On May 5, 2011, we notified the trial court that its amended certification was defective and ordered a second amended certification of Rogers’s right to appeal to state that this case is a plea-bargained case and to indicate whether any matters were raised by written motion filed and ruled on before trial or whether the trial judge has given permission to appeal.  See Tex. R. App. P. 25.2(a)(2), (d), (f), 37.1; Dears v. State, 154 S.W.3d 610, 613–15 (Tex. Crim. App. 2005).   On May 18, 2011, we received the trial court’s second amended certification of Rogers’s right to appeal.  The certification states that this “is a plea-bargain case, and the defendant has NO right of appeal.”

On May 18, 2011, we sent the parties a letter notifying them that the appeal may be dismissed unless any party files a response showing grounds for continuing the appeal based upon the new certification.  See Tex. R. App. P. 25.2(d), 43.2(f).  Rogers filed a pro se response arguing that the trial court did not provide him an opportunity to withdraw his guilty plea.  Rogers’s appointed counsel also filed a response arguing that the appeal should be continued because Rogers was originally granted permission to appeal and had an attorney appointed for that purpose and because the sole issue on appeal is whether the trial court impermissibly entered into the plea-bargain process.

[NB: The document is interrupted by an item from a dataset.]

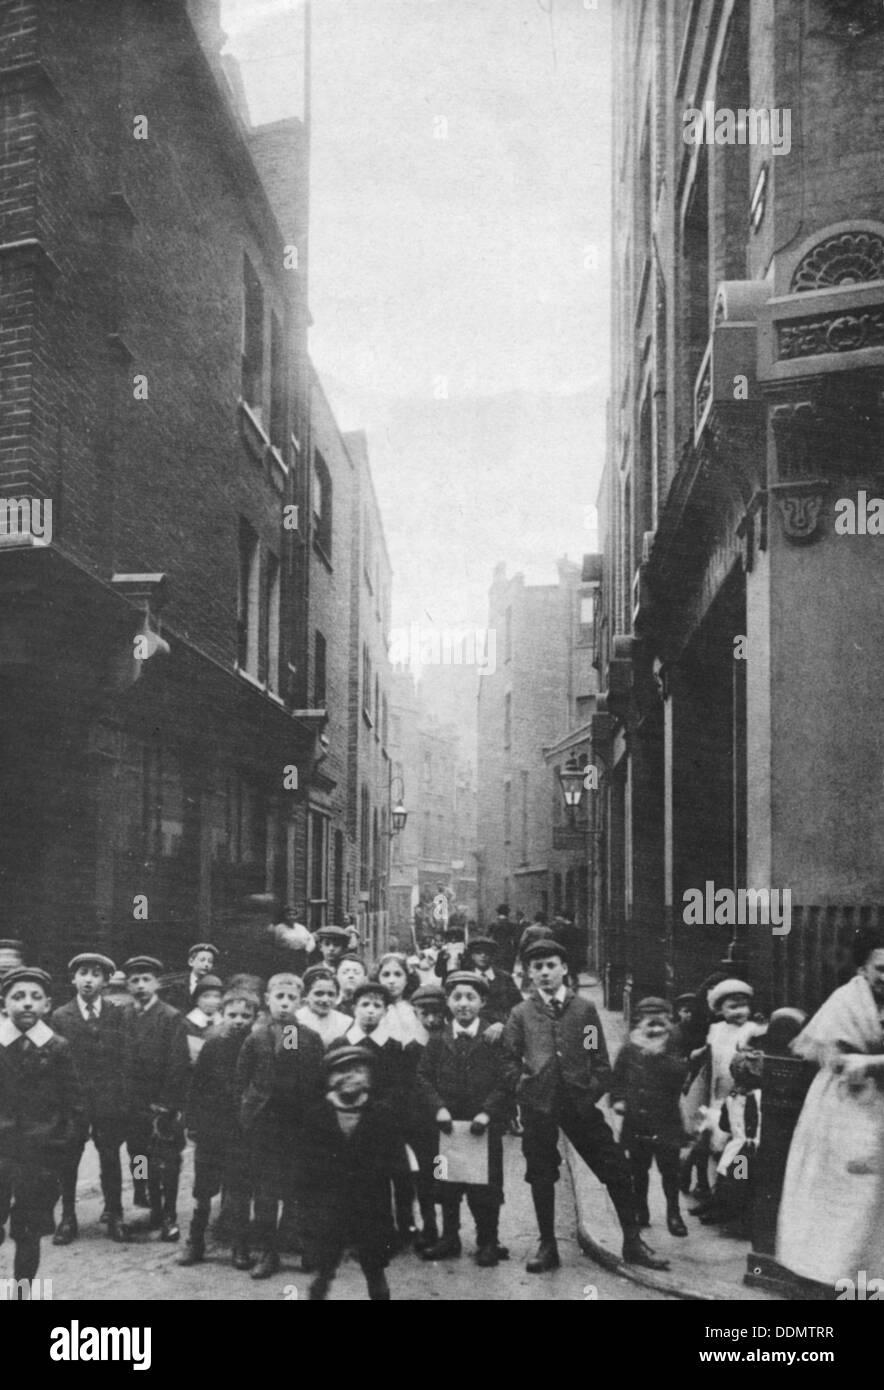 Sandys Row from Artillery Row, East End, London, 1912. - Stock Image

These responses do not show grounds for continuing the appeal.  Rule 25.2(a)(2) provides that a plea-bargaining defendant may appeal only matters that were raised by written motion filed and ruled on before trial or after getting the trial court’s permission to appeal.  Tex. R. App. P. 25.2(a)(2); Chavez v. State, 183 S.W.3d 675, 680 (Tex. Crim. App. 2006) (requiring appellate courts to dismiss prohibited appeal without further action, regardless of basis for appeal).  Rogers’s basis for appeal does not concern matters raised by any written motion filed and ruled on before trial, and the trial court’s second amended certification of appeal does not otherwise give Rogers the right to appeal.  Consequently, because Rogers has no right to appeal, we dismiss the appeal.  See Tex. R. App. P. 25.2(d), 43.2(f); Chavez, 183 S.W.3d at 680.

 

 

SUE WALKER
JUSTICE

 

PANEL:  WALKER, MCCOY, and MEIER, JJ.

 

DO NOT PUBLISH

Tex. R. App. P. 47.2(b)

 

DELIVERED: July 7, 2011

 



[1]See Tex. R. App. P. 47.4.

[2]Rogers entered into a “split” plea bargain with the State, in which the State agreed to recommend five years’ confinement provided that if, before the sentencing hearing, Rogers was charged with a new offense or violated a condition of his bond, or if he failed to appear for the sentencing hearing, then the State agreed to recommend thirty years’ confinement.  After Rogers failed to appear at the sentencing hearing, the trial court sentenced him to thirty years’ imprisonment in accordance with the terms of the plea bargain.